→ Given data:
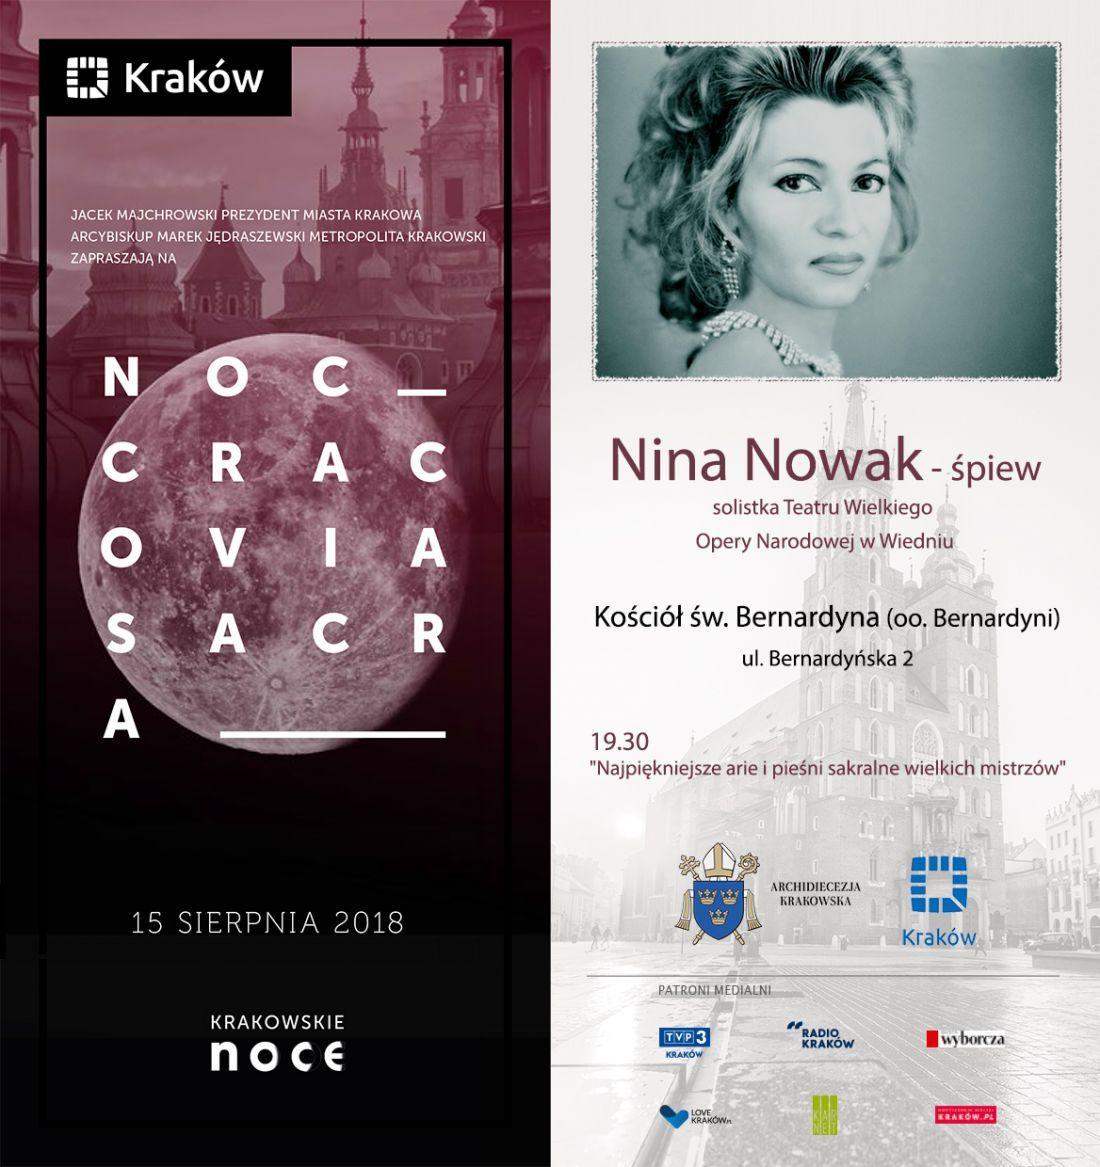 Cracovia Carca 2018
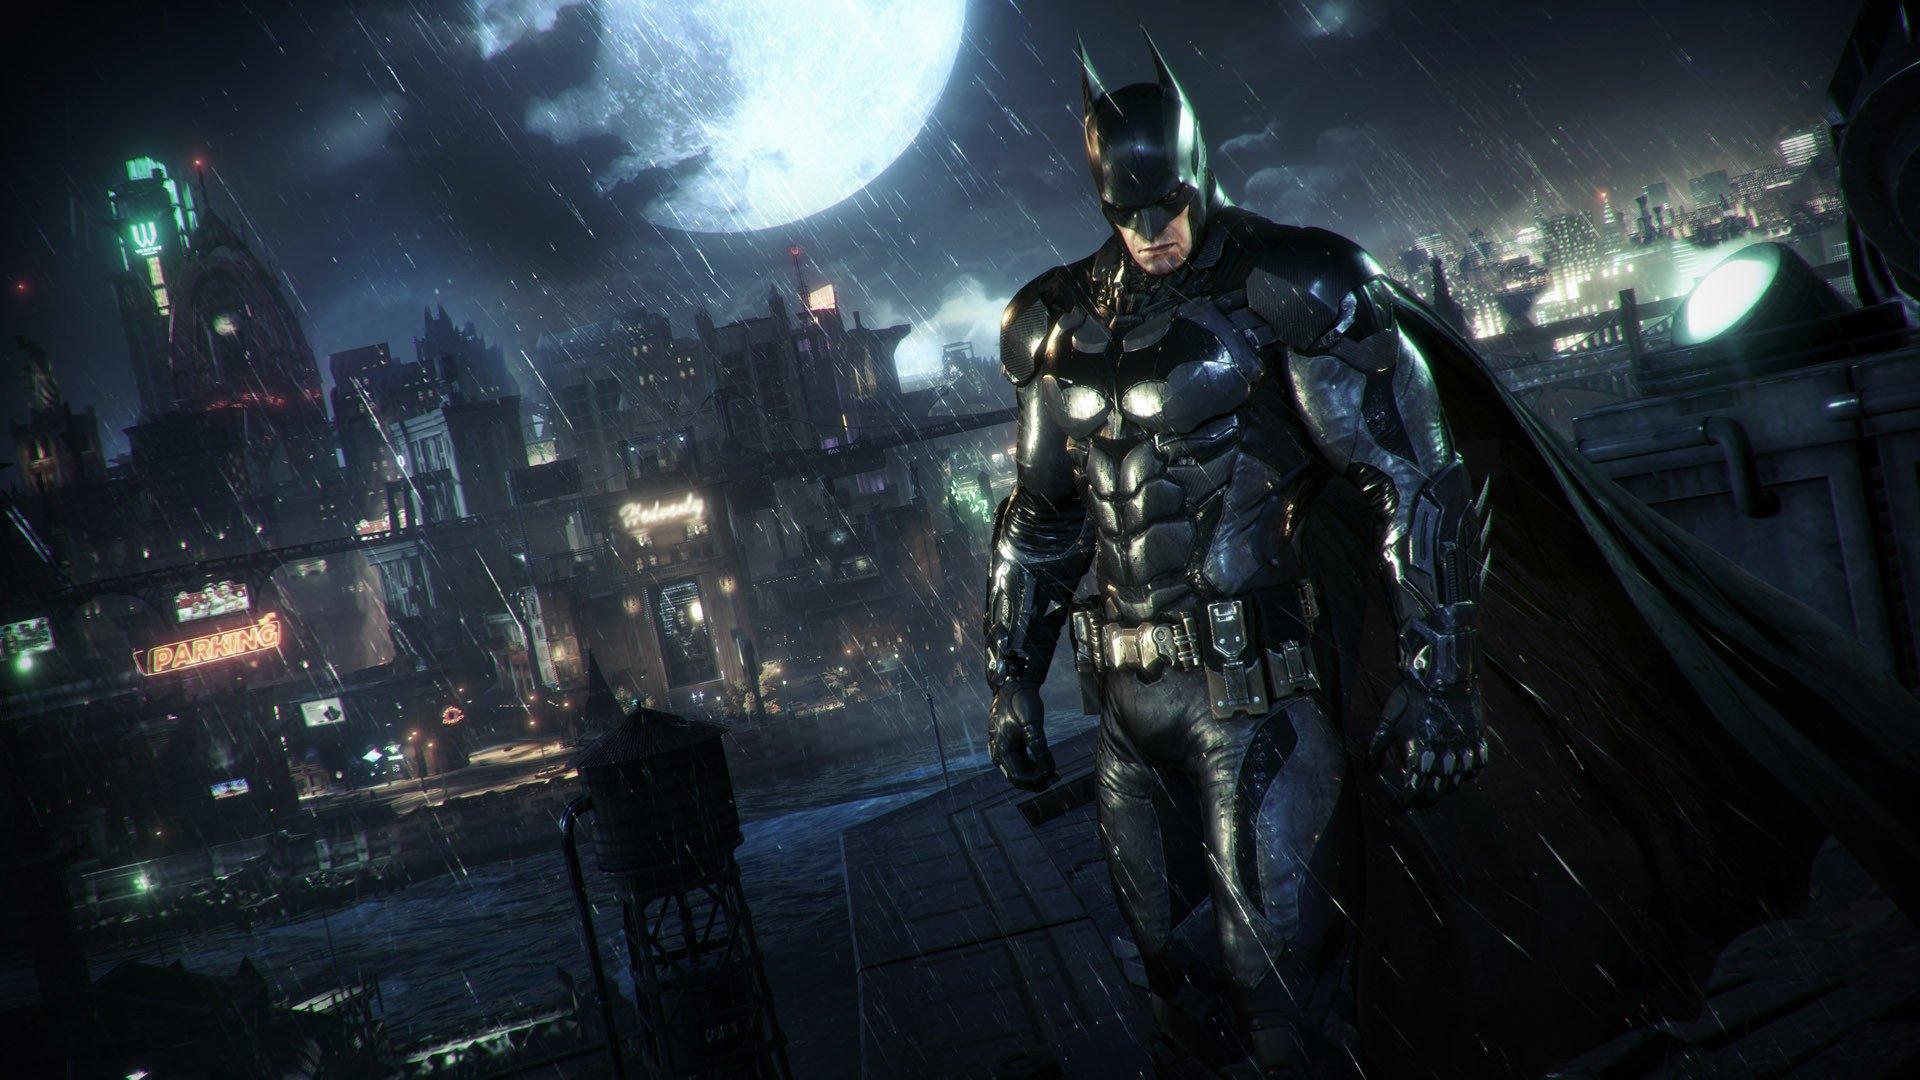 batman arkham knight wallpaper 1
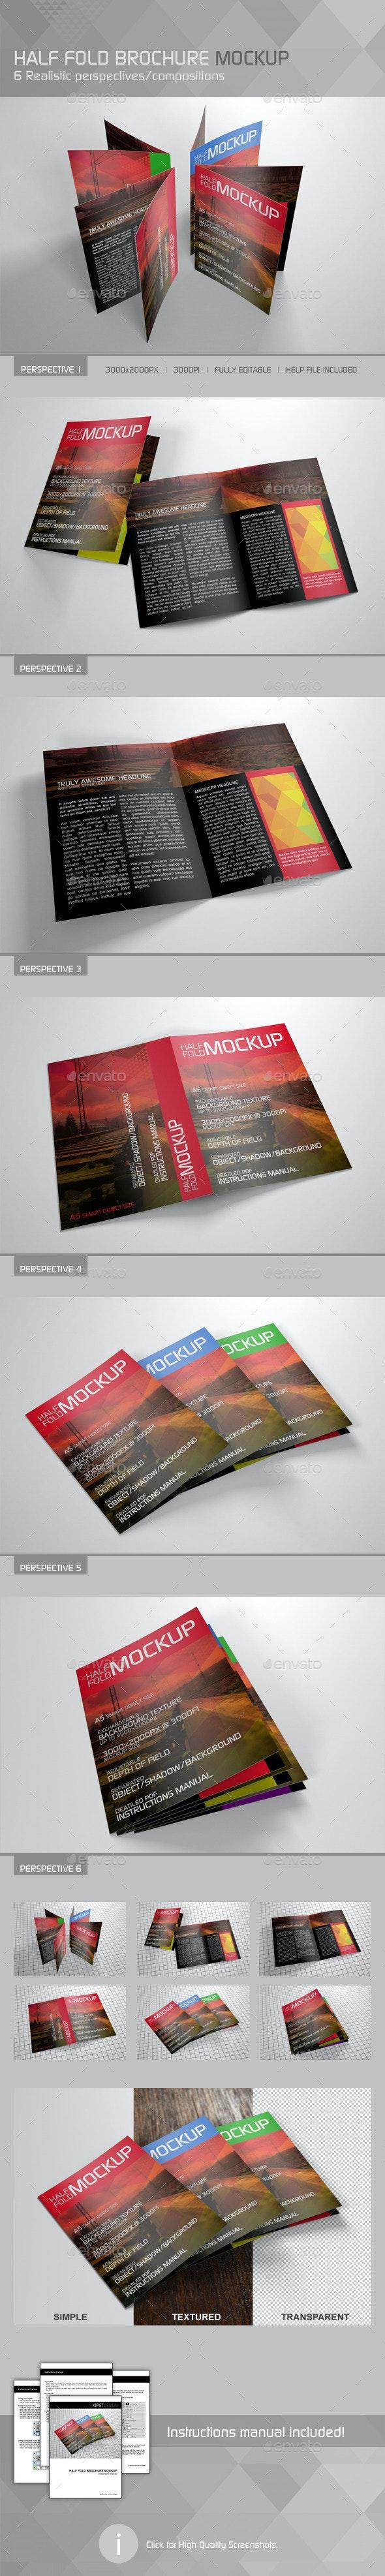 Realistic Half Fold Brochure Mockup - Brochures Print

→ Problem description:
Set the preceding data down again word for word, omitting images.

→ Output for this exercise:
 Cracovia Carca 2018
 batman arkham knight wallpaper 1
 Realistic Half Fold Brochure Mockup - Brochures Print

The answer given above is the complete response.